Your best 'Gigabit Wi-Fi' resources

"Gigabit" Wi-Fi has reached a point where it's now being deployed by some early adopters. There are more 802.11ac resources test data, anecdotal observations, hands-on experience and more products than ever before.

WLAN vendors are announcing new 11ac access points. Device makers are building in 11ac radios. Equipment vendors are offering more adapters and dongles.

[ALSO:802.11ac 'gigabit Wi-Fi' starts to show potential, limits]

Here's a sampling of resources as of October 2013, from Network World, and other sites.

IN DEPTH:11ac will be faster, but how much faster really? 

Our first enterprise-class 11ac access point tests, by Eric Geier: "Super-fast Wi-Fi: Cisco, Ubiquiti access points top out at nearly 400Mbps"  Products tested: Cisco's Aironet 3602I AP with the 802.11ac add-on module; Ubiquiti's UniFi AP AC. 11ac clients used: Edimax AC1200 Wireless Dual-Band USBAdapter (two-stream 802.11ac); ASUS AC1750 Dual-band Wireless PCI-E Adapter (three-stream 802.11ac).

"Getting ready for gigabit Wi-Fi," by consultant, and Network World blogger, Craig Mathias.

From February 2013, our tests of five earlier "consumer" grade 11ac routers, by Wayne Rash: a slideshow of the products,  "Real-world test: 802.11ac routers" and the detailed analysis, "Gigabit Wi-Fi? Not so fast."

More 11ac products are gaining Wi-Fi interoperability certification from the Wi-Fi Alliance, which launched the branding program in June 2013. You can search their database for currently certified products.
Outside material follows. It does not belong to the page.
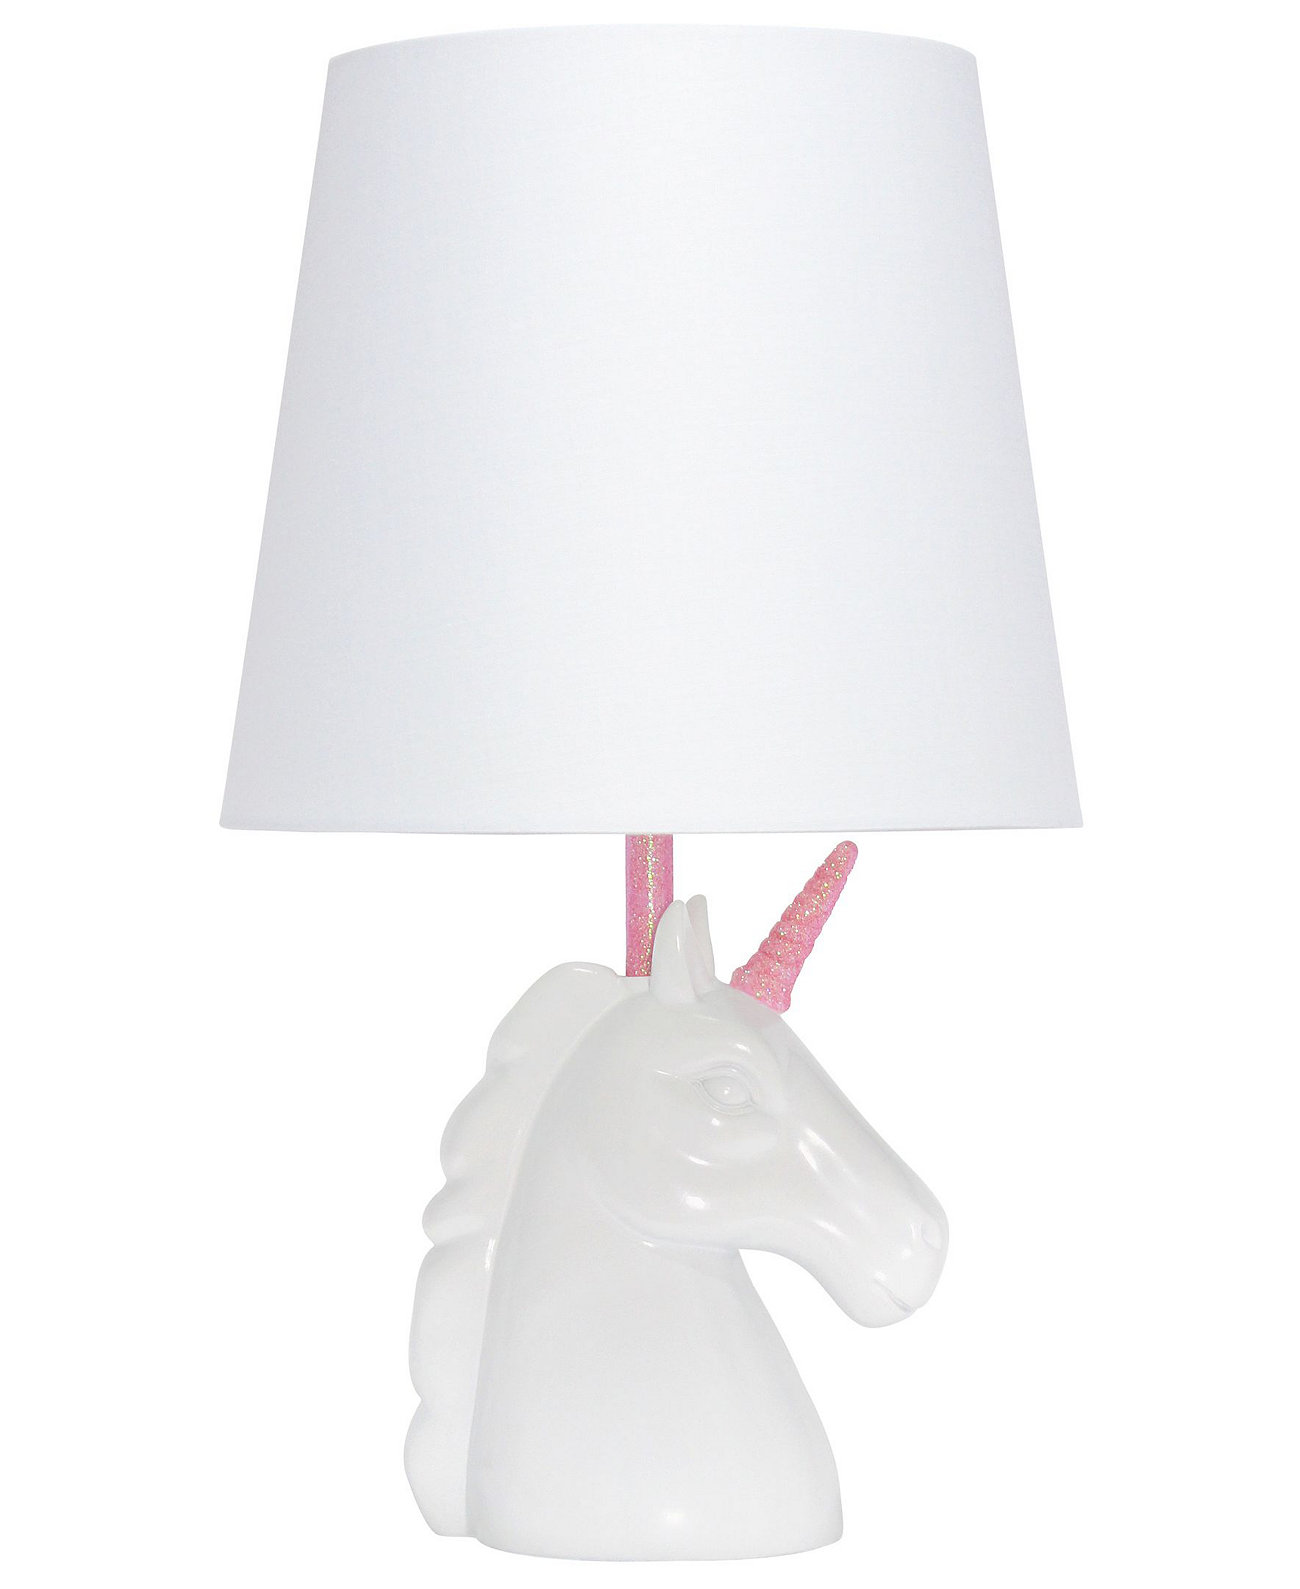 Настольная лампа Sparkling Unicorn Simple Designs

Just checking the box labeled "Wi-Fi CERTIFIED ac (Based on IEEE 802.11ac D3.0)" yields 89 products as of Oct. 4, 2013. But these include reference designs and chipsets. You can filter by company, product type and other criteria. This isn't a complete list of what's on the market: if you search by "Apple," there are no listed products, though Apple offers 11ac in Macbook Air laptops, and in AirPort Extreme Base Station access point and AirPort Time Capsule, a wireless hard drive. Check out PCMag's review of the AirPort Extreme, by Samara Lynn.

802.11n products will remain the core of enterprise WLANs for some time to come. See our March 2012 Clear Choice Test, by Craig Mathias, of three-stream 11n access points: "Three-stream Wi-Fi hits the mark." Mathias has a sidebar on "What you need to know about 802.11ac" to give you some perspective on the relationship between the two.

AnandTech's Jarred Walton, in "The Joys of 802.11ac WiFi," gives what he calls a "quick test of real-world wireless performance, comparing some 11ac and 11n clients and access points. Much depends on how well 11ac is implemented in the client (more than one spatial stream for example). Apple itself stumbled with the new 11ac Macbook Air, artificially limiting throughput apparently due to overlooking an issue OS X had with the TCP protocol stack, as noted by AnandTech's Anand Lal Shimpi and by Ars Technica's Andrew Cunningham (see his "OS X is holding back the 2013 MacBook Air's 802.11ac Wi-Fi speeds.")

Also check out AnandTech's "5th Generation WiFi: 802.11ac, 'Gigabit' WiFi Primer" from January 2012.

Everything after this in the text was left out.